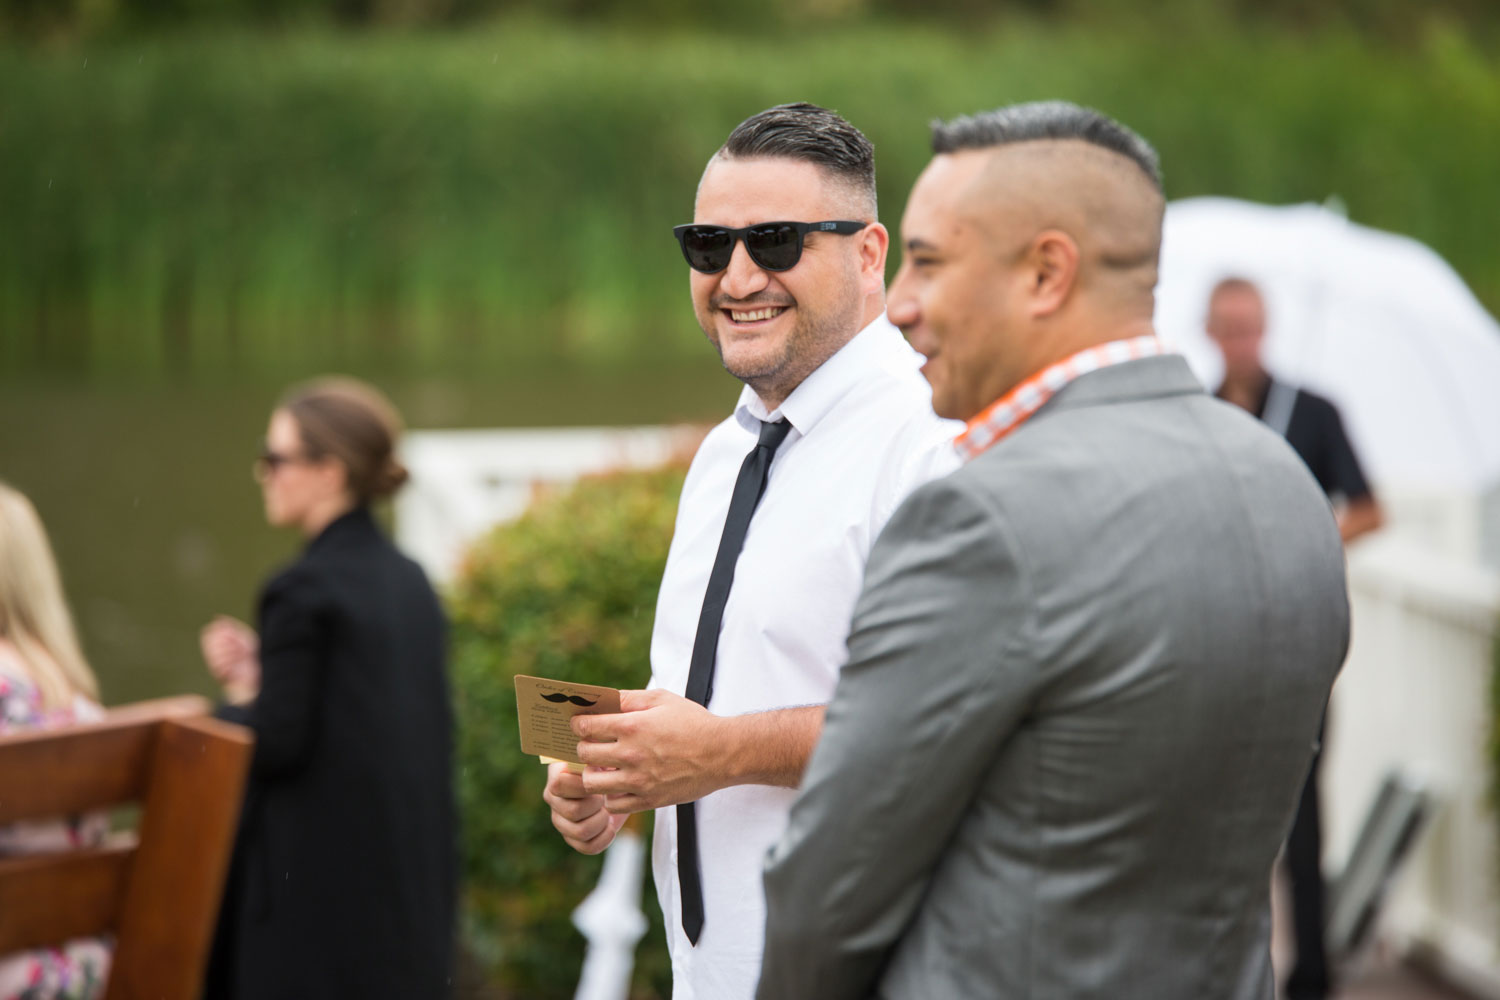 gracehill auckland wedding guests laughing
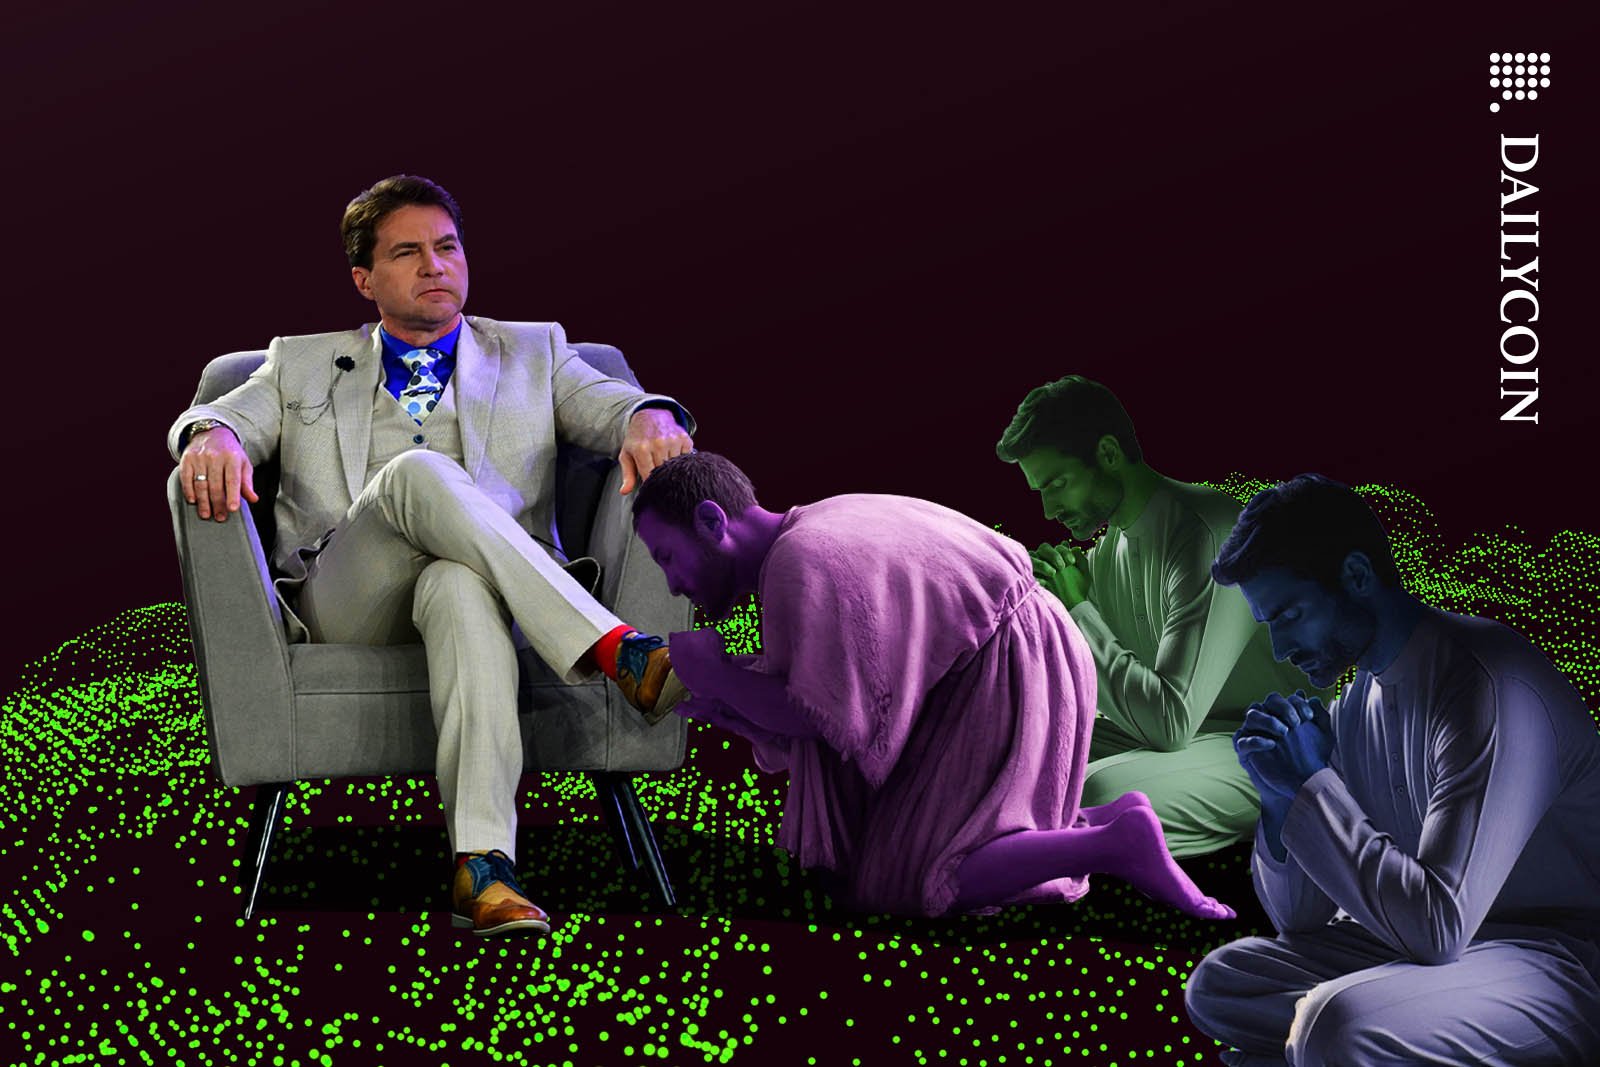 Craig Wright's foot being kissed by a worshipper.
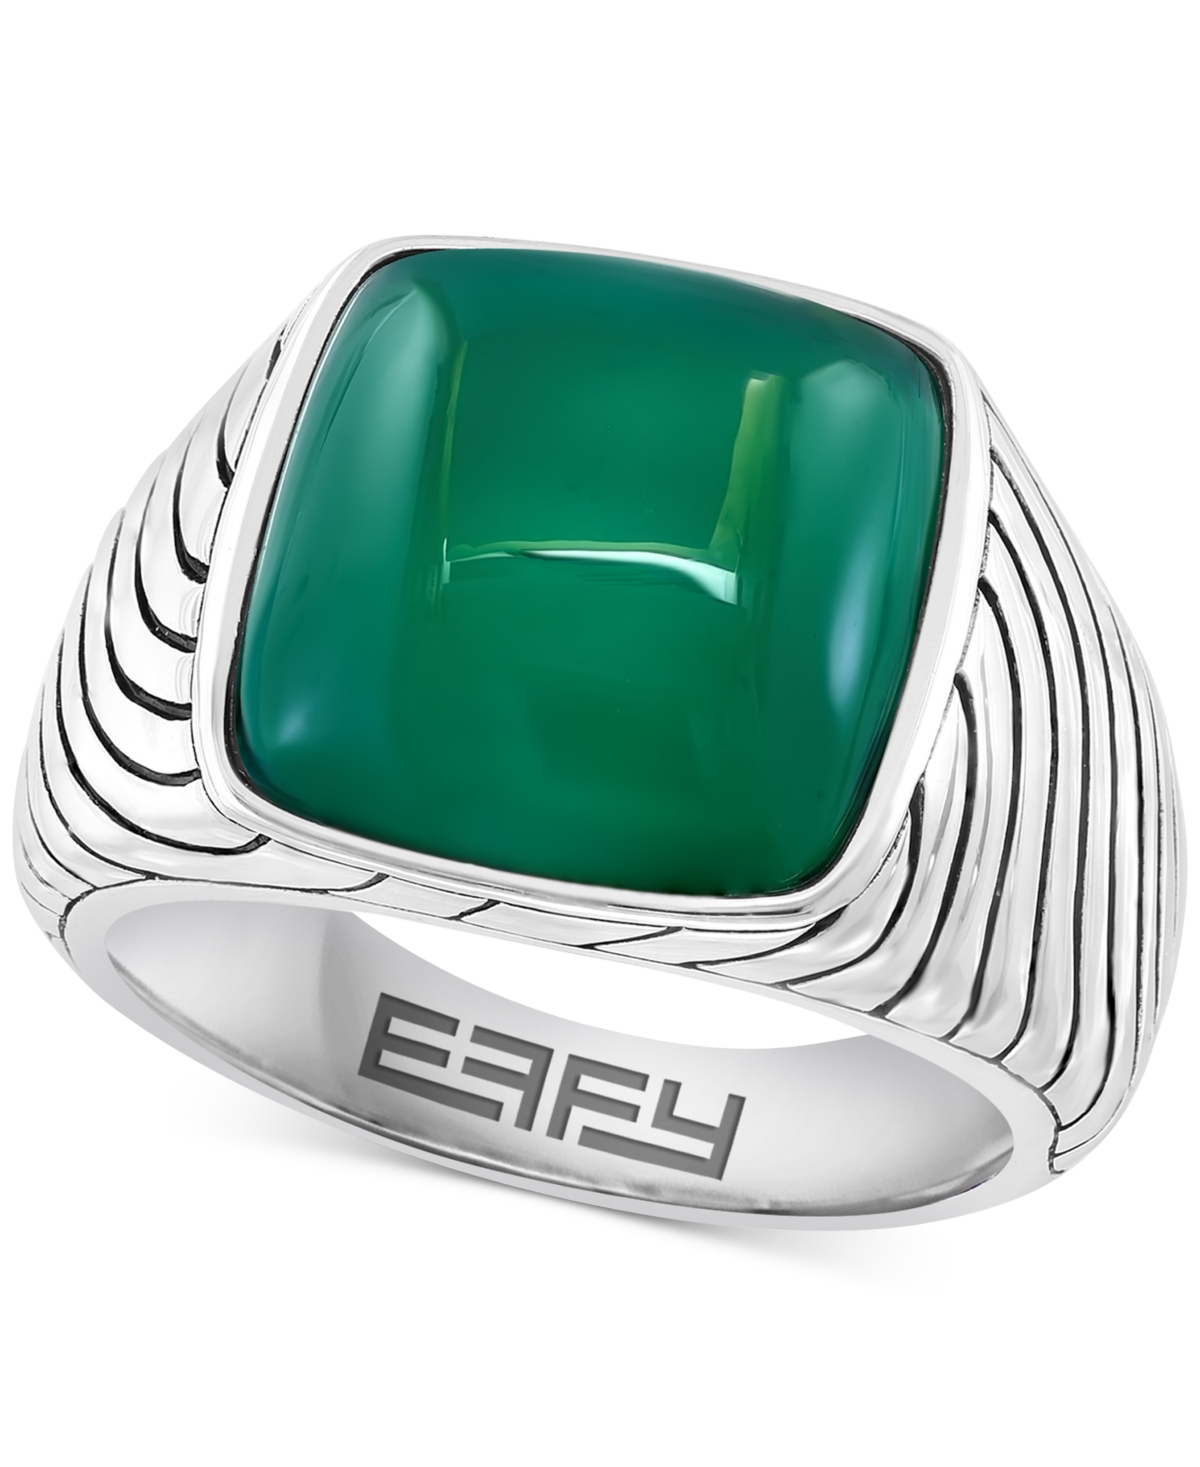 Effy Collection Effy Men's Green Chalcedony Textured Ring In Sterling Silver
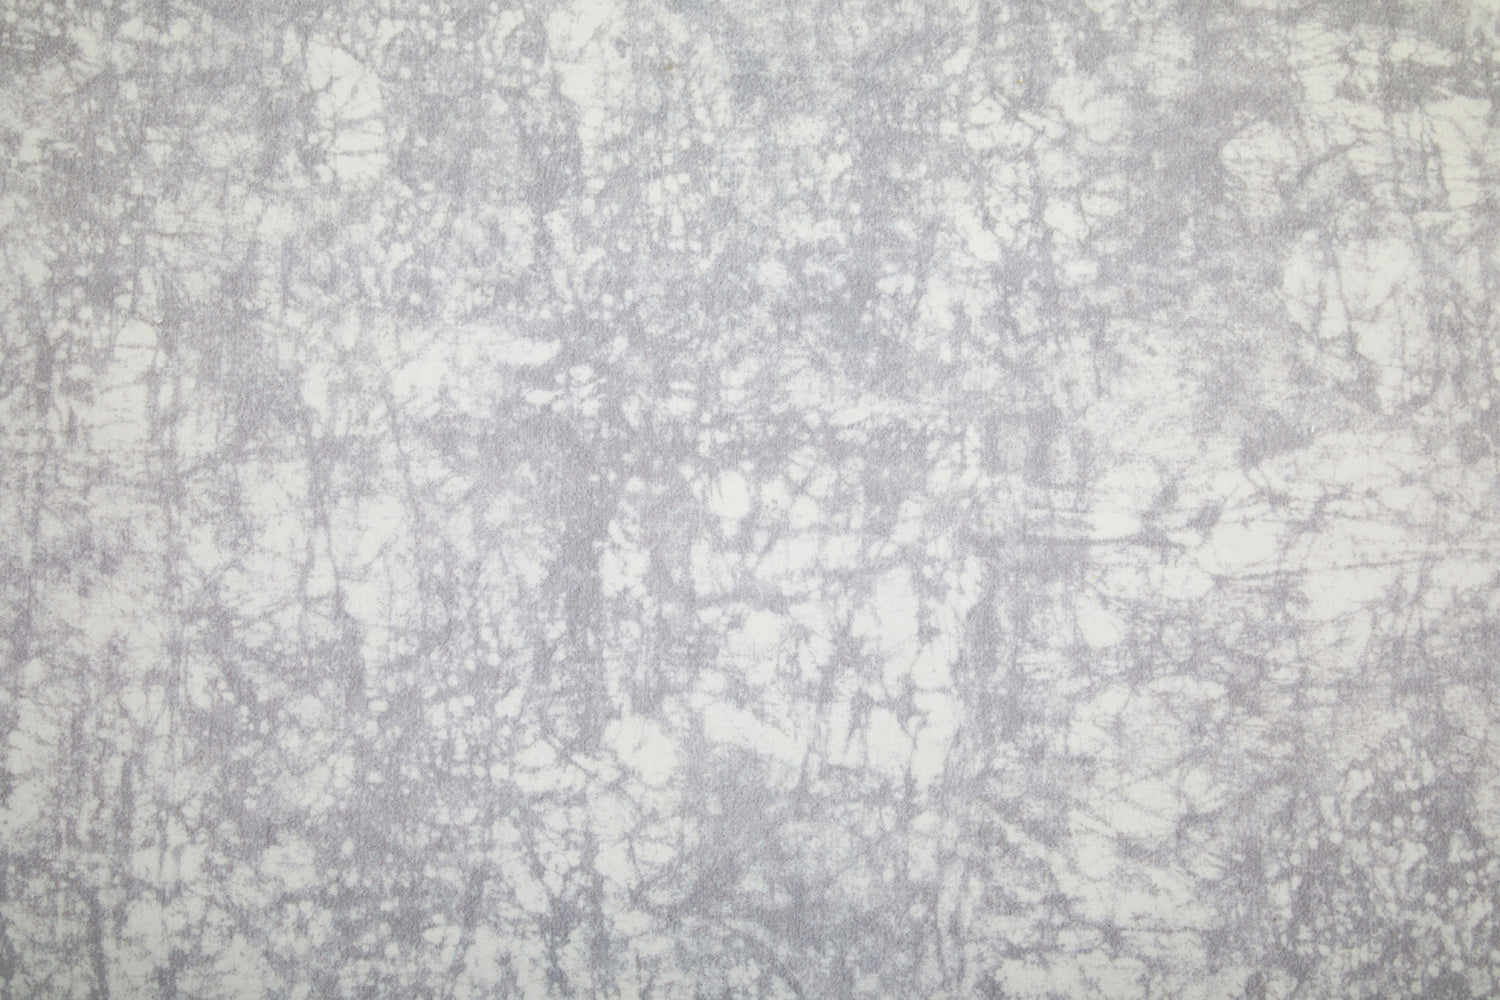 Detail of velvet fabric in an organic crumpled texture in light gray on a cream field.

→ **Problem requirements**
Your answer must be the full listing, copied exactly, with no pictures in it.

→ **Result of this exercise**
 gracehill auckland wedding guests laughing
 Craig Wright's foot being kissed by a worshipper.
 Effy Collection Effy Men's Green Chalcedony Textured Ring In Sterling Silver
 Detail of velvet fabric in an organic crumpled texture in light gray on a cream field.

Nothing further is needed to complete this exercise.